Soaring Through Cypresses in Texas

The first experience people have with zip line or canopy tours is in places like Costa Rica or Nicaragua. In South Africa, you can experience the longest and fastest zip line in the world. Yet, if you're new to zip lining and want to test the waters before your vacation, there's a place in central Texas that you should visit.

Cypress Valley Canopy Tours is an easy drive from Austin - about 30 miles west on 71 and 14 miles from Marble Falls. Well disguised from the road, Cypress Valley includes a series of 7 zip lines that traverse a peaceful valley filled with towering bald cypresses. Each person is equipped with gloves, a safety harness and a helmet. Safety is first and you'll soon find that guides are sticklers. Yes... places in Costa Rica may let you fly upside down (something to look forward to) but in the sue-happy culture of the U.S., they'd prefer you keep both hands on the carriage that connects to the line.

After a basic flight school, you'll be set to take off from the main building and into the valley. The 6 lines and three sky bridges start nice and easy and increase in difficulty, culminating with a 350 foot zip line. First-timers will have a great time and quickly overcome any initial fears. Even those with a fear of heights will feel comfortable and will want to go back for seconds.

Along the way, the guides ask you to look out for interesting landmarks (like a cactus growing in a tree) and will fill you in on the plants and critters that make their home in the valley. Towards the middle of the tour, you'll pass Lofthaven, a pricey treehouse that you can rent by the night. Weekday rates are $250 a night and weeknights are $375. At that rate, you might want to check the Four Seasons on Town Lake.
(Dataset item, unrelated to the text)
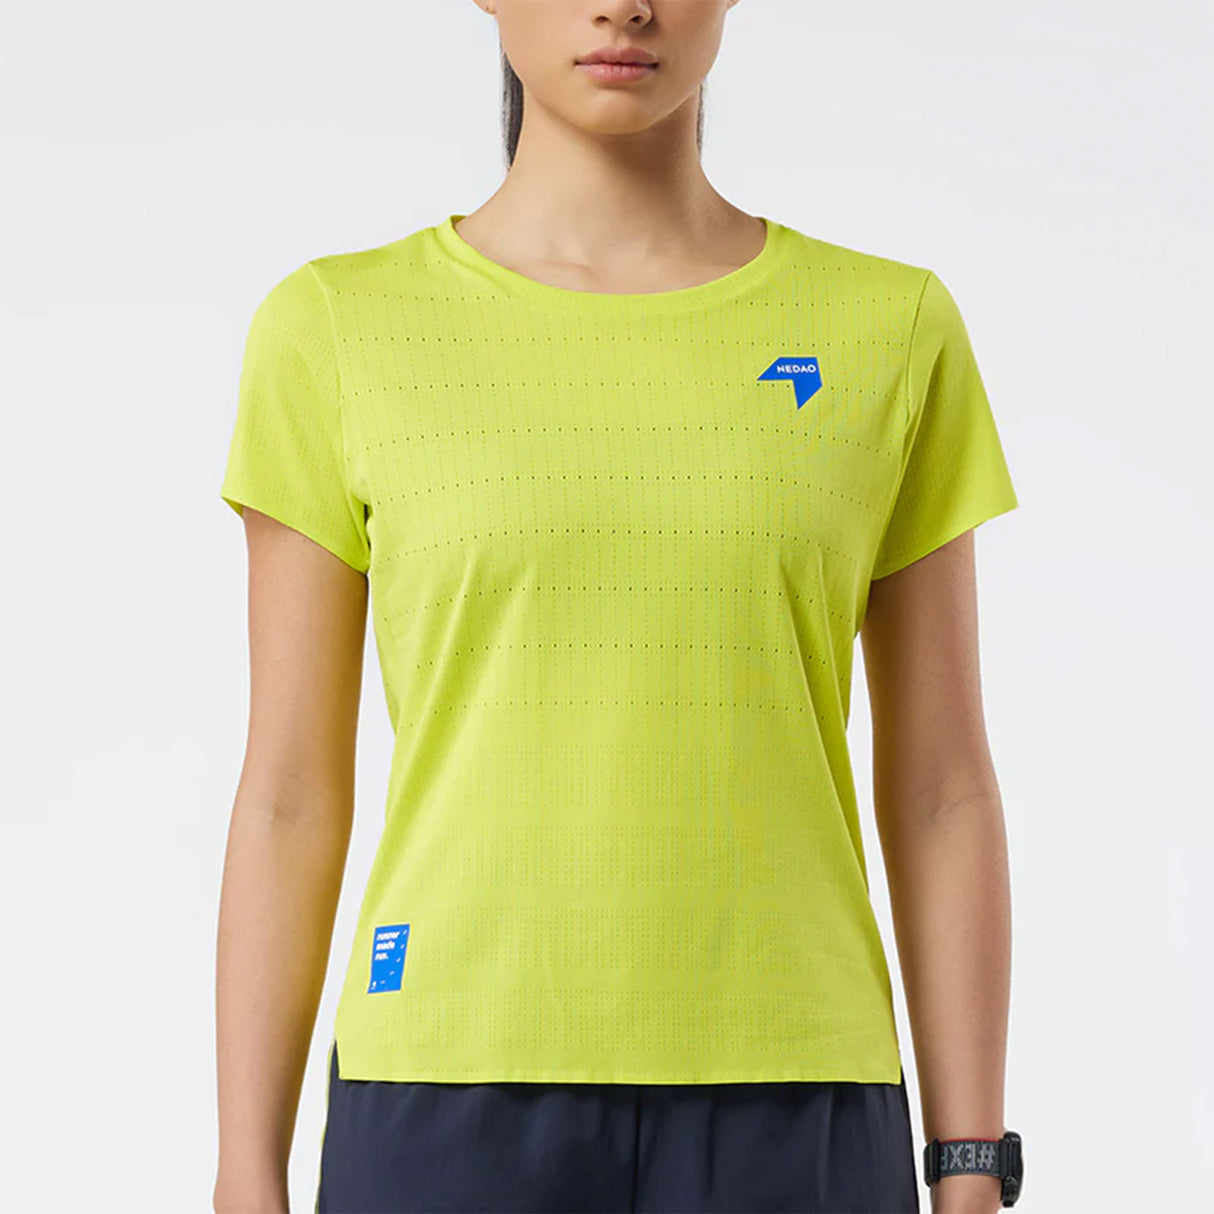 Nedao Women's QiFlow Running T-Shirt V3.0

The whole tour lasts about 1 1/2 hour. It's been a few months since we've been but the rates were under $50 a person. Once you've taken the tour, you can graduate to the Canopy Challenge, a more difficult tour that includes various obstacles along the course. We've yet to do this but plan to do it in the future.

Seeing U.S. safety standards vs. Costa Rican standards was a little unnerving. Places like Cypress Valley make sure you wear a helmet at all times and are quick to show off their heavy duty platforms and safety harnesses. In Costa Rica, our tour guide explained, "I like this tour - they don't make you wear a helmet" shortly before they taught us to fly upside down. Still, we wouldn't trade our Costa Rican tour for anything. Visiting Cypress Valley helped us get amped up for our visit to the Congo Trail Canopy Tour and is worth doing any time of the year when the tour is open.